Ancora incerto e controverso appare il radicamento dei materiali litici nel mondo del design. Anche in tempi recenti essi sembrano scontare delle difficoltà a inserirsi in aree di mercato a questo settore dedicate e nella stessa cultura progettuale su cui si sono sviluppati il design di prodotto e di interni.
Alcuni maestri contemporanei hanno indagato negli anni ’60, ’70 e ’80 del secolo scorso questi materiali, realizzando prodotti di elevata qualità estetica con alto tasso di creatività. Ma più che una vocazione ciò è apparso come un approccio legato a brevi e circoscritte opportunità, anche se per taluni non episodiche, come se a limitare l’espandersi di quell’indirizzo di ricerca si alzassero delle barriere così ardue che anche autori assai creativi e professionalmente capaci fossero scoraggiati ad andare oltre e “depistati” verso altri materiali ritenuti più performanti.
Certo, su ciò hanno sfavorevolmente giocato condizioni strutturali e culturali di contesto. Ossia una scarsa o nulla propensione del settore produttivo lapideo, indipendentemente dal livello economico e tecnologico sviluppati dalle singole aziende, a farsi coinvolgere dal mondo del design italiano, che pure a partire dagli anni ‘60 del ‘900 viveva in Italia una fortunata e quasi incontrastata ascesa sul mercato internazionale.
Archiviata la ricca tradizione artigianale pre-moderna e i suoi sistemi di trasmissione dei saperi, il settore lapideo ha cercato per decenni di coltivare quasi esclusivamente un mercato orientato alle superfici litiche piane, orizzontali o verticali che fossero, trattate o non trattate comunque bidimensionali, prive di ogni altro valore aggiunto se non quello di essere appunto di pietra: un materiale che si riteneva potesse soddisfare “di per sé” quei contenuti di pregio e di lusso che il mercato edilizio gli aveva destinato.
D’altronde anche un certo proibizionismo, mosso da motivazioni etiche, inibiva in architetti e designer la spinta a superare quella concezione della pietra capace di fare “di per sé”, ossia andare oltre la semplice lastra tagliata, squadrata e normalizzata in pochi essenziali formati. E dunque si sono dovuti attendere alcuni lustri prima che la ricerca interrotta dei maestri trovasse un nuovo flusso di energia che permettesse di “andare oltre”. Da un lato l’immissione nel mercato di macchine di lavorazione a controllo numerico computerizzato, con applicazioni specifiche per i materiali litici, aveva indotto la maggioranza delle aziende a dotarsi di questi nuovi strumenti di trasformazione. Dall’altro la comparsa sui tavoli informatizzati degli architetti di sofisticati programmi di modellazione tridimensionale hanno aperto nuove prospettive per il progetto litico. Ma ciò che ha reso più feconde queste scoperte e ne ha consentito un utilizzo creativo è stata la possibilità di connettere il progetto digitale tridimensionale con le nuove macchine di lavorazione realizzando un circuito assai efficiente tra ideazione e oggetto finito.
In questa straordinaria prospettiva la pietra iniziava a essere vista e indagata con uno sguardo diverso. Soprattutto nell’area del design non potevano sfuggire le nuove potenzialità di immaginazione creativa nell’atto progettuale offerte dai software di ultima generazione, contemporaneamente sul piano realizzativo si andava concretizzando la possibilità di trasferire antiche abilità artigianali alle macchine e a processi industriali capaci di replicare a velocità straordinaria oggetti formalmente anche assai complessi destinati a una produzione seriale.

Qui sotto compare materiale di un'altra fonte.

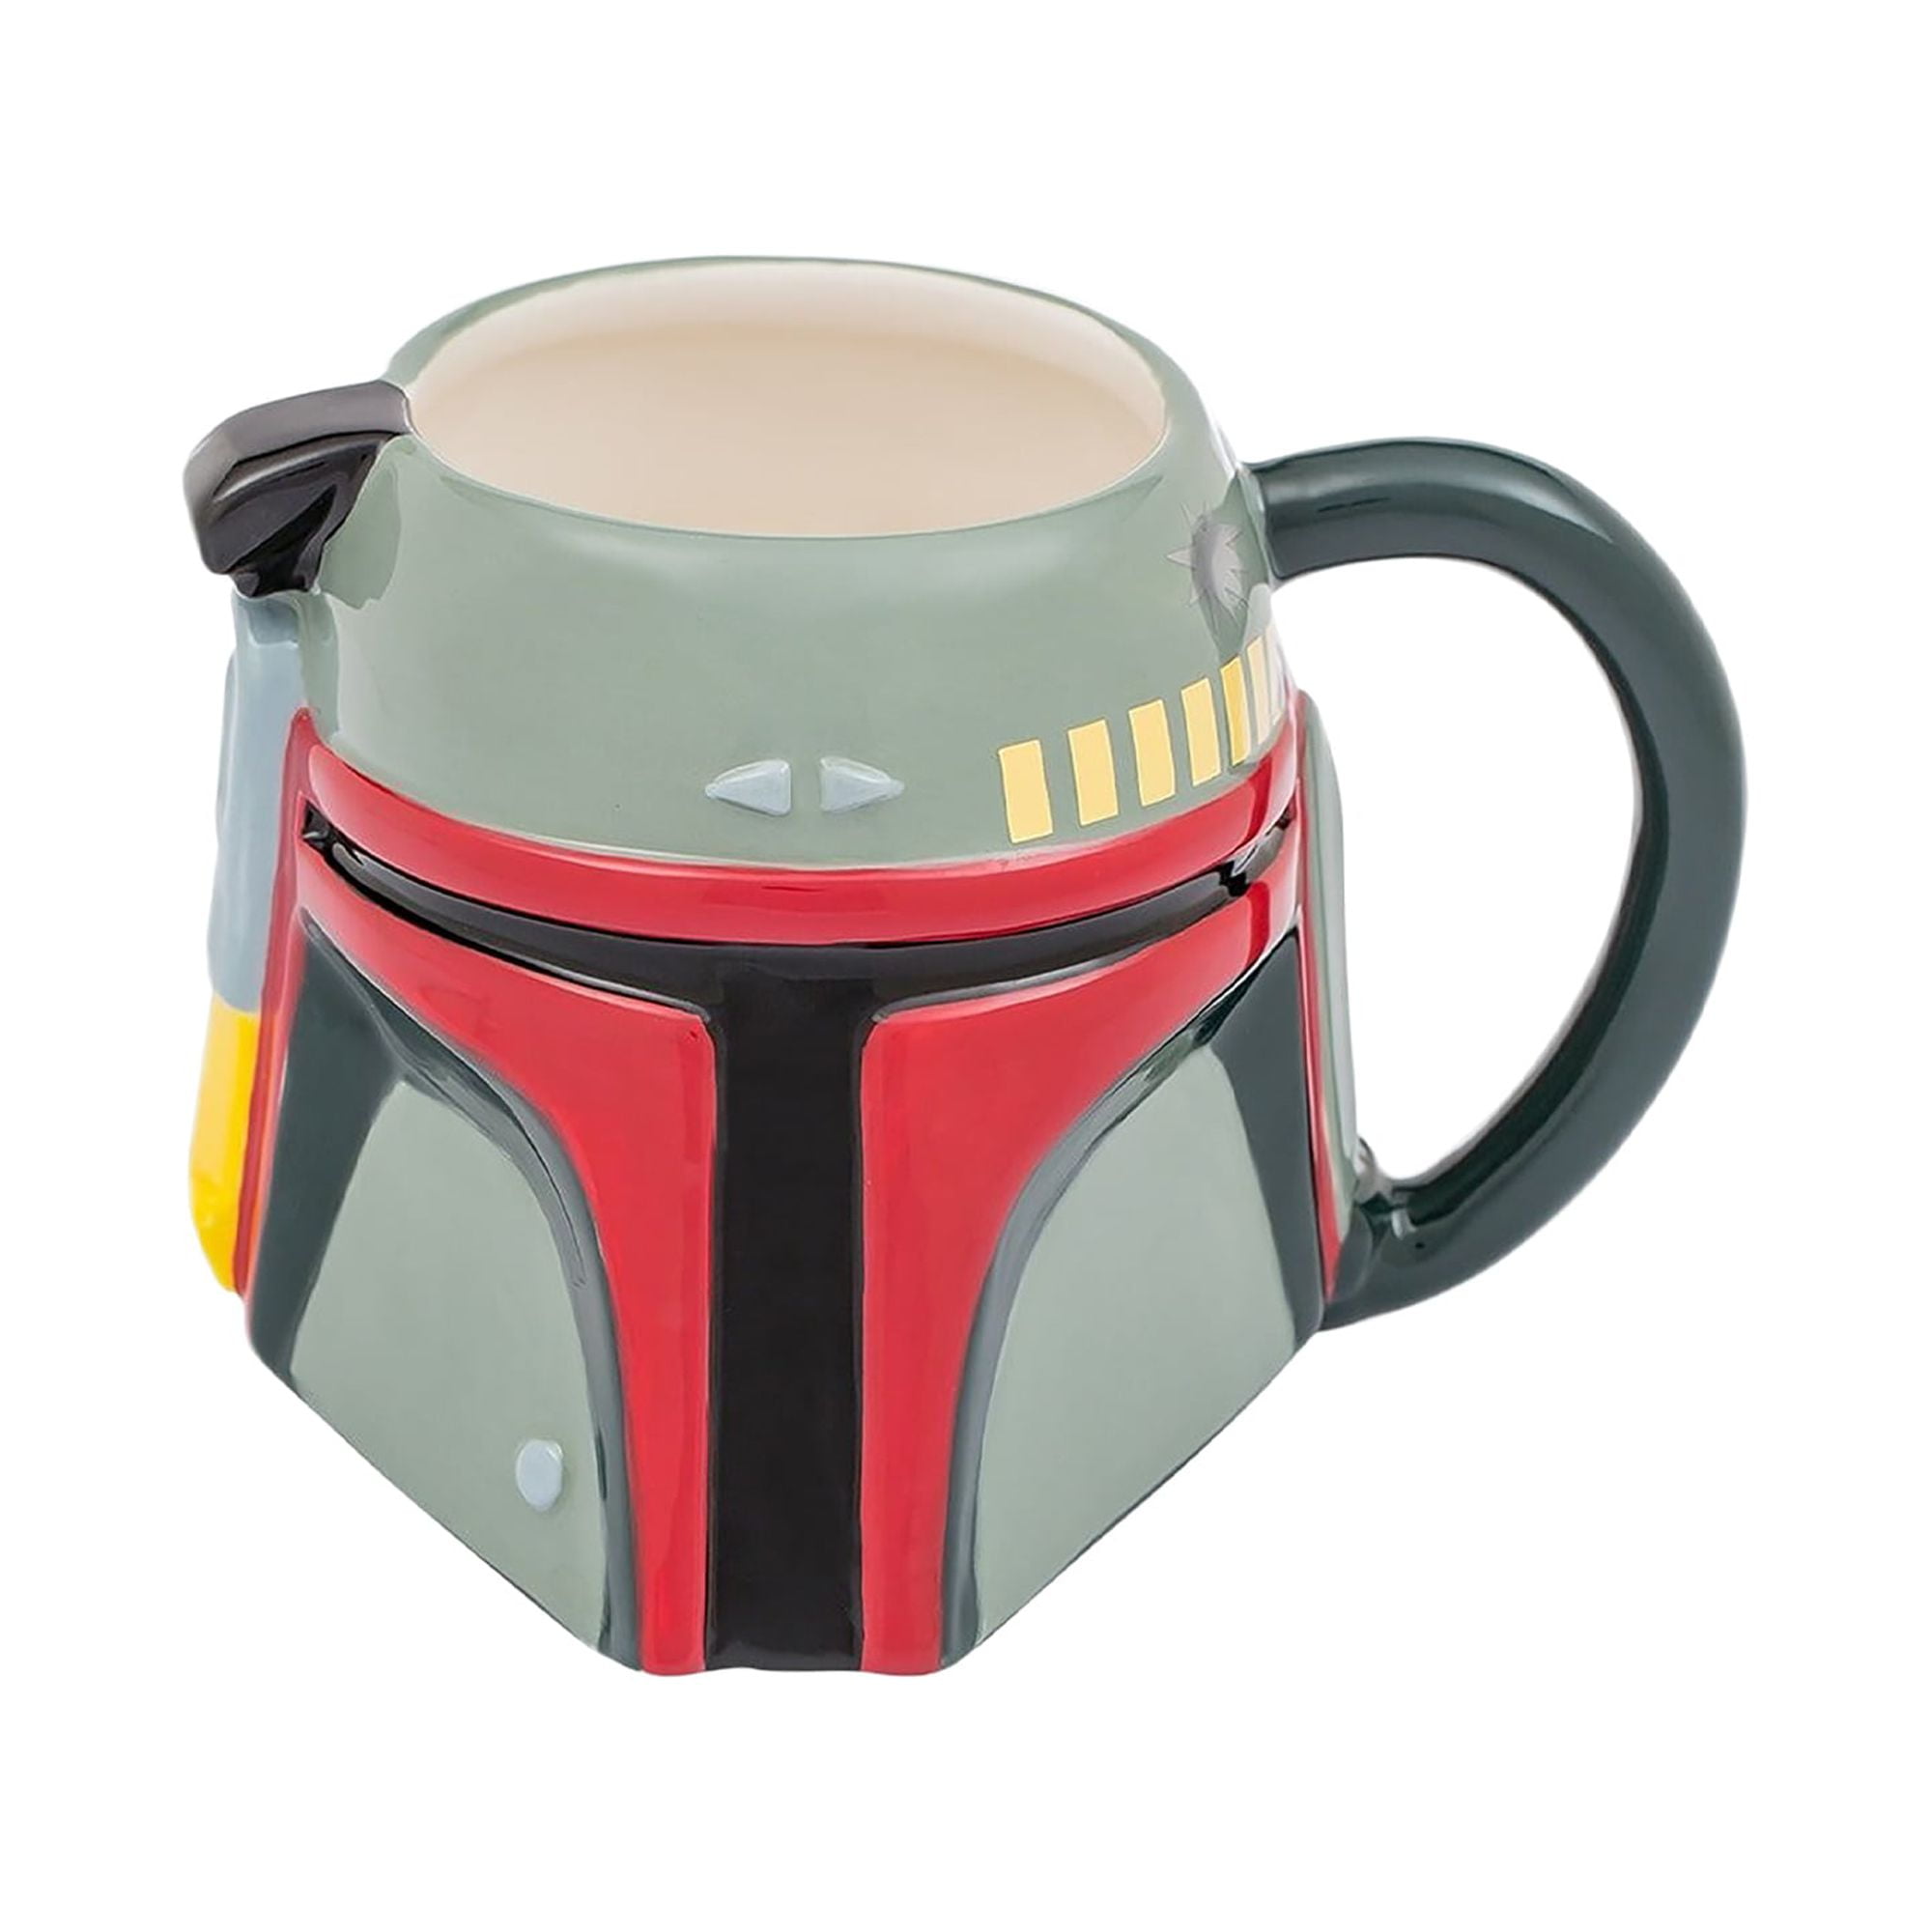 Star Wars The Mandalorian Grogu Mug Warmer Set - Uncanny Brands

Materia Litica, Lithos Design, designer Raffaello Galiotto

Si è così aperta una nuova realtà nella attività litica, definita dello “scalpellino informatico”, una fase in cui anche i prodotti lapidei – che per essere eseguiti richiedevano particolari competenze manuali artigianali – possono essere concretamente inseriti in un processo di produzione totalmente robotizzata. Un terreno questo su cui si cimentava da oltre un decennio la scuola di Claudio D’Amato dell’Università di Bari, orientata alla ricerca degli elementi della costruzione stereotomica a partire dai codici classici.
Da questo contesto prende le mosse il percorso litico di Raffaello Galiotto.
Sostenuto da una solida formazione maturata nell’industrial design egli intuisce precocemente i vantaggi di un trasferimento sui materiali lapidei del know-how metodologico e tecnologico fornito da quella disciplina. Non si tratta soltanto di allargare il campo di applicazione delle macchine informatizzate a un ambito di prestazioni ben più vasto e aperto rispetto a quel limitatissimo uso che normalmente se ne fa nei laboratori di trasformazione, quanto soprattutto di indagare le potenzialità latenti dei materiali litici sotto l’azione precisa del lavoro delle macchine stesse.
Ben diverso infatti è l’esito della incisione in profondità di uno stesso pattern sulla superficie di pietre o marmi di differente composizione petrografica. Su alcuni litotipi la fedeltà dell’esecuzione in termini di texture e precisione calligrafica può essere assai aderente al progetto, su altri invece il margine di imprecisione può produrre effetti non controllati che alterano il senso dell’opera; in altri casi ancora un’eventuale alterazione non voluta potrebbe invece imprimere impreviste qualità tattili sulla superficie litica. Analogo ragionamento va fatto per le macchine, anch’esse strumenti in fase evolutiva, da cui si può ottenere – modificando l’applicazione di utensili – effetti assai diversi, per cui alla fine lo “scalpellino informatico” agisce come il suo antenato manuale.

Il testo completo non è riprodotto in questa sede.